Colin Farrell is Syracuse, an Irish fisherman and recovering alcoholic divorced from his wife and struggling to remain connected to his precocious but sickly 10-year-old daughter, Annie (played by the terrific Alison Barry). One day, Syracuse discovers a gorgeous, barely conscious young woman (Alicja Bachleda) in his fishing net. Is she a selkie (half-seal, half-woman)? Or is she just a girl on the run? Naming herself Ondine, she shies away from other people, sings in a language Syracuse has never heard, and seems to bring him good luck. Inevitably, sparks fly between the two, and Syracuse doesn’t care who or what this bewitching young woman is. That is, until an outsider comes looking for Ondine and his daughter is threatened.
Updating fables is nothing new for Jordan. His second film (The Company of Wolves), was a wickedly clever horror that riffed on the Little Red Riding Hood legend. His recent films — The Brave One, The Good Thief — are more solidly rooted in the real world but still retain Jordan’s affections for mythological subtext. Ondine seems to represent an ambitious middle ground, where he can eat his cake and have it too. Jordan explores the transformative influences of storytelling, making it clear that fairytales, like religion, can become an act of faith. Annie and Syracuse begin to believe their "Once upon a time" because alcoholism, poverty and kidney failure give them little else to hold on to and Catholicism has mostly failed them. Yes, the world is a flawed and brutal place. Still, the sun shines. And we begin to wonder whether it is the beautiful Ondine that twists their fate or the age-old tales father and daughter tell each other. It’s to Jordan’s credit that, for most of the film, we wonder whether the magic is real.
Cinematographer Christopher Doyle’s lived-in, gray-washed visuals suggest that something unknown and fantastical lurks in the shadows and beneath the waves. Jordan punctuates that dark coastal atmosphere with edits that continually shift perspective, never letting us know from whose point of view we’re watching, Similarly effective, Farrell delivers one of the best performances of his career. Vulnerable but stoic, charming but matter-of-fact, you understand his bitterness, guilt, and weaknesses but always see the decency underneath.
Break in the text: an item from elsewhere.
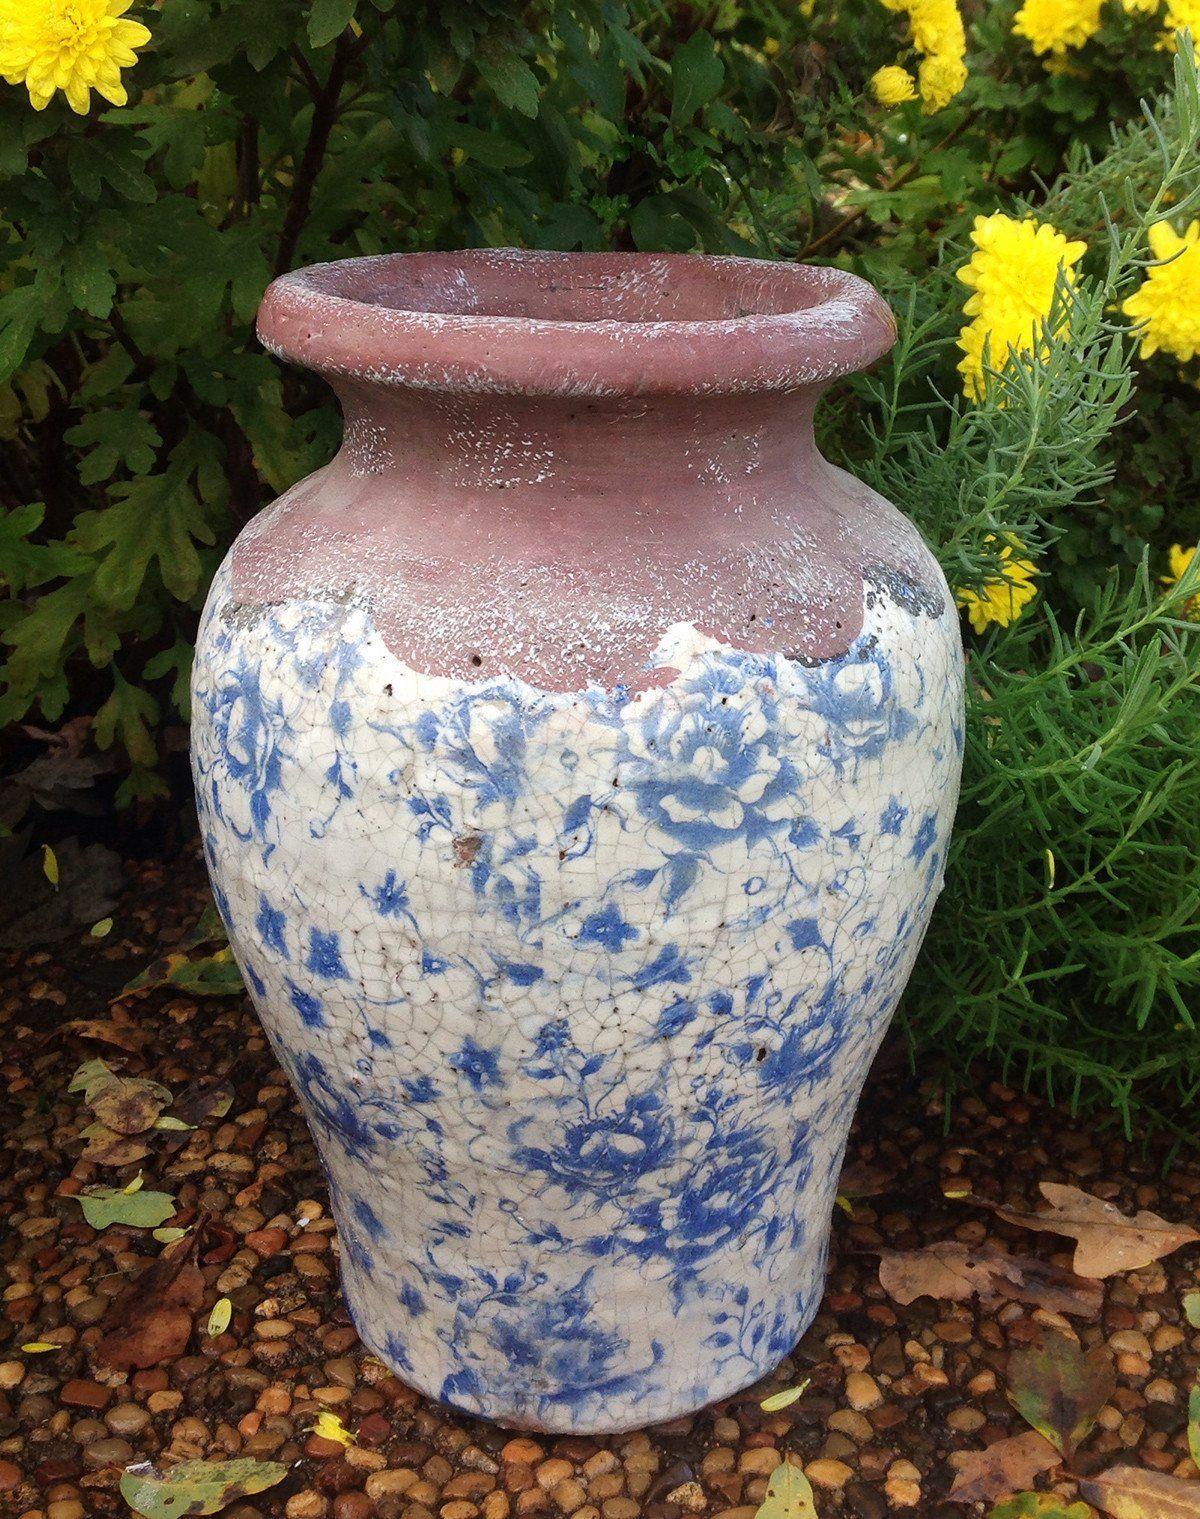 Vintage Blue And White Ceramic Vase Pinterest Dried Flower
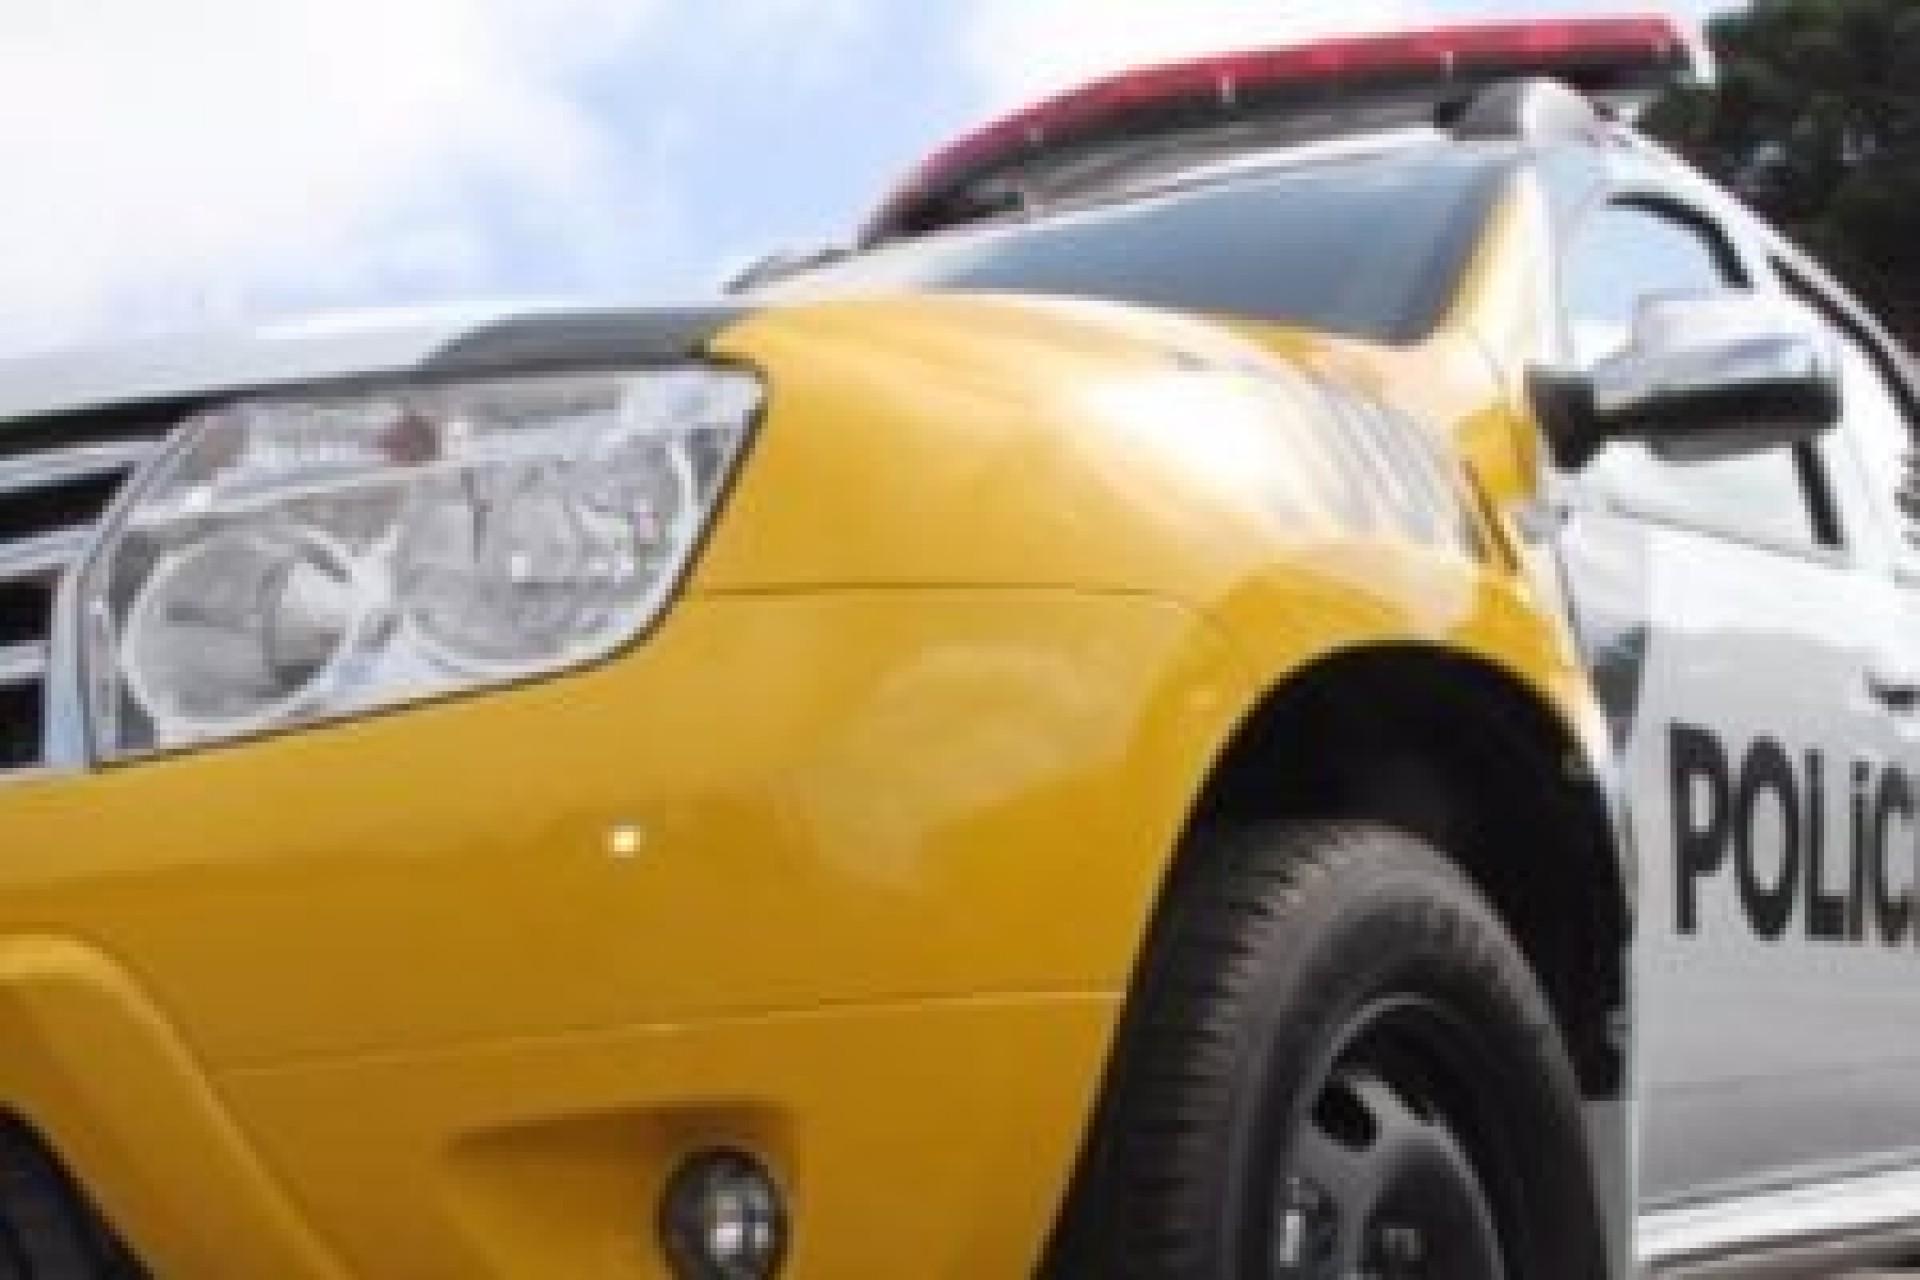 Medianeira: Policiais militares salvam jovem que tentava se jogar de viaduto

As with most fairytales, chaos and violence threaten to dispel all that’s good, and it's here that Jordan stumbles. Ondine’s past comes calling and its blunt literalness undermines the film’s poetic spirit. Too much is explained and most of it’s predictable, forcing a conclusion that feels gracelessly contrived. Jordan might argue that this was his intent: to subvert belief in the mystical. But in the end it’s his fantasy that feels authentic and the real world that comes off as a load of blarney.